5. Practical and political obstacles; alternative pathways
Beyond legal steps, termination or major amendment faces entrenched operational, strategic, and political barriers: the agreement grants the U.S. broad access to establish and operate defense areas in Greenland (as documented in the technical schedules and historical accounts), and U.S. strategic interest—especially under NATO auspices—creates strong resistance to unilateral change [8] [9]. Some analysts argue the pact effectively gives the U.S. sweeping military access that can be adjusted without sovereignty transfer, a reality that complicates negotiations [9] [10]. Alternatives to outright termination include renegotiation of specific technical schedules, greater Greenlandic consultation guarantees, or parallel domestic legislation clarifying environmental and civil oversight—each requiring Denmark–U.S. agreement and sensitive political maneuvering [8] [3].

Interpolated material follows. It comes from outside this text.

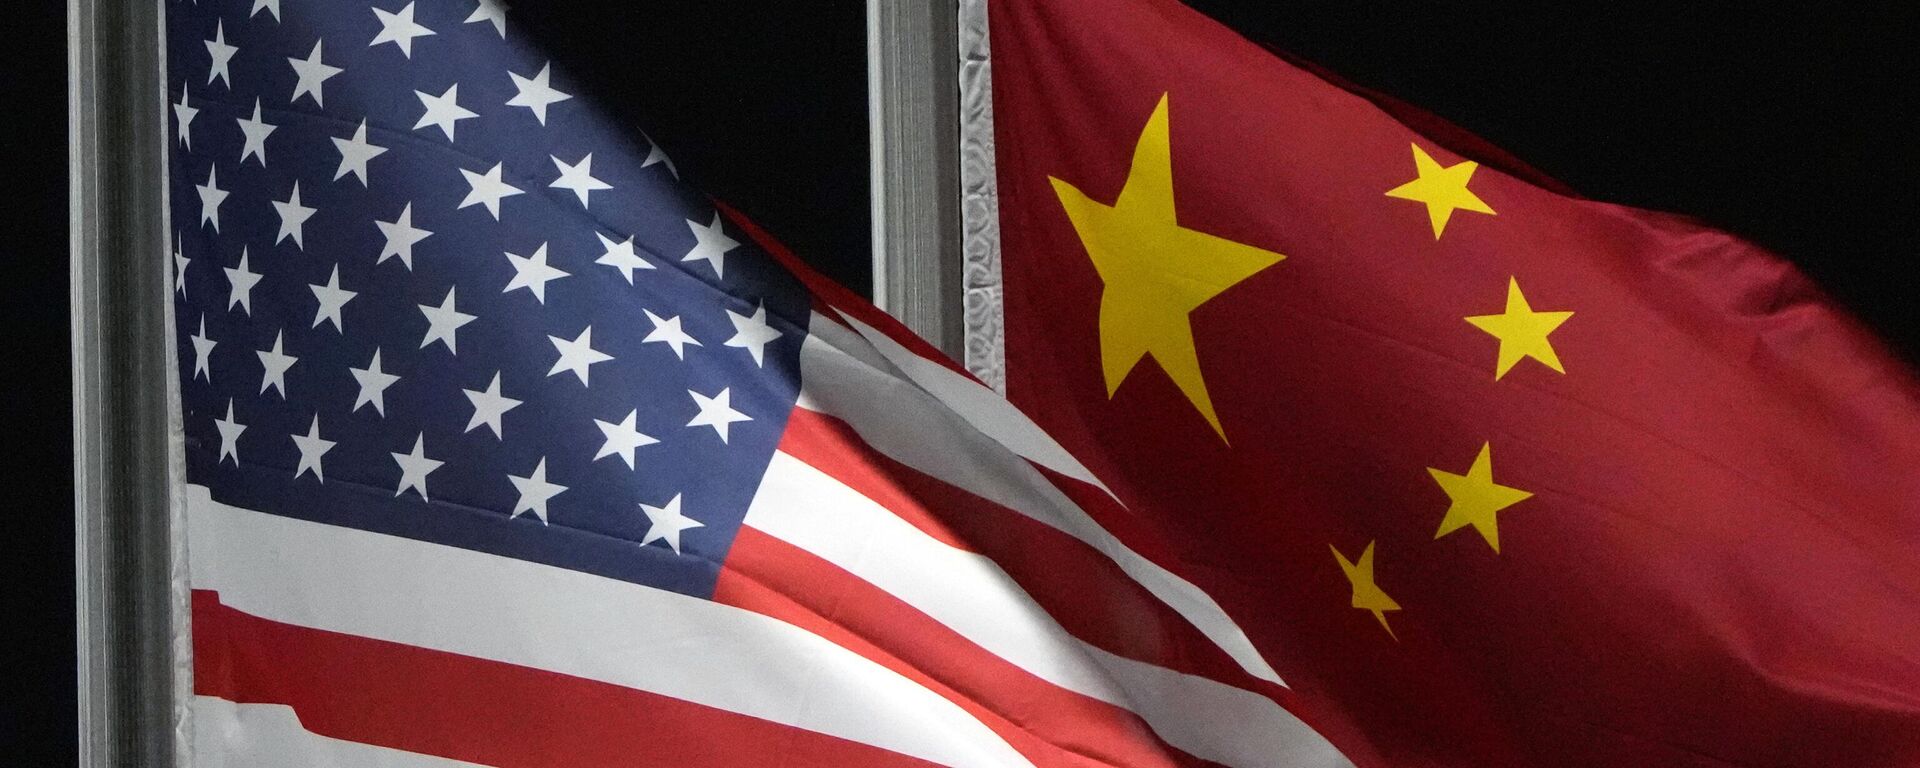 Bandeiras dos EUA e da China tremulam no parque Genting Snow, antes dos Jogos Olímpicos de Inverno de 2022. Zhangjiakou, China, 2 de fevereiro de 2022 - Sputnik Brasil, 1920, 17.11.2023

6. Bottom line: legal path is bilateral and parliamentary; politics will decide the rest
Legally, Denmark must negotiate with the United States and secure parliamentary approval to amend or terminate the 1951 Agreement, while Greenland’s institutions can press for stronger consultation and local conditions but cannot unilaterally change the treaty; practically, NATO linkage, U.S. strategic priorities, and domestic political dynamics in Copenhagen, Nuuk, and Washington will determine whether a negotiated change is feasible [1] [2] [3].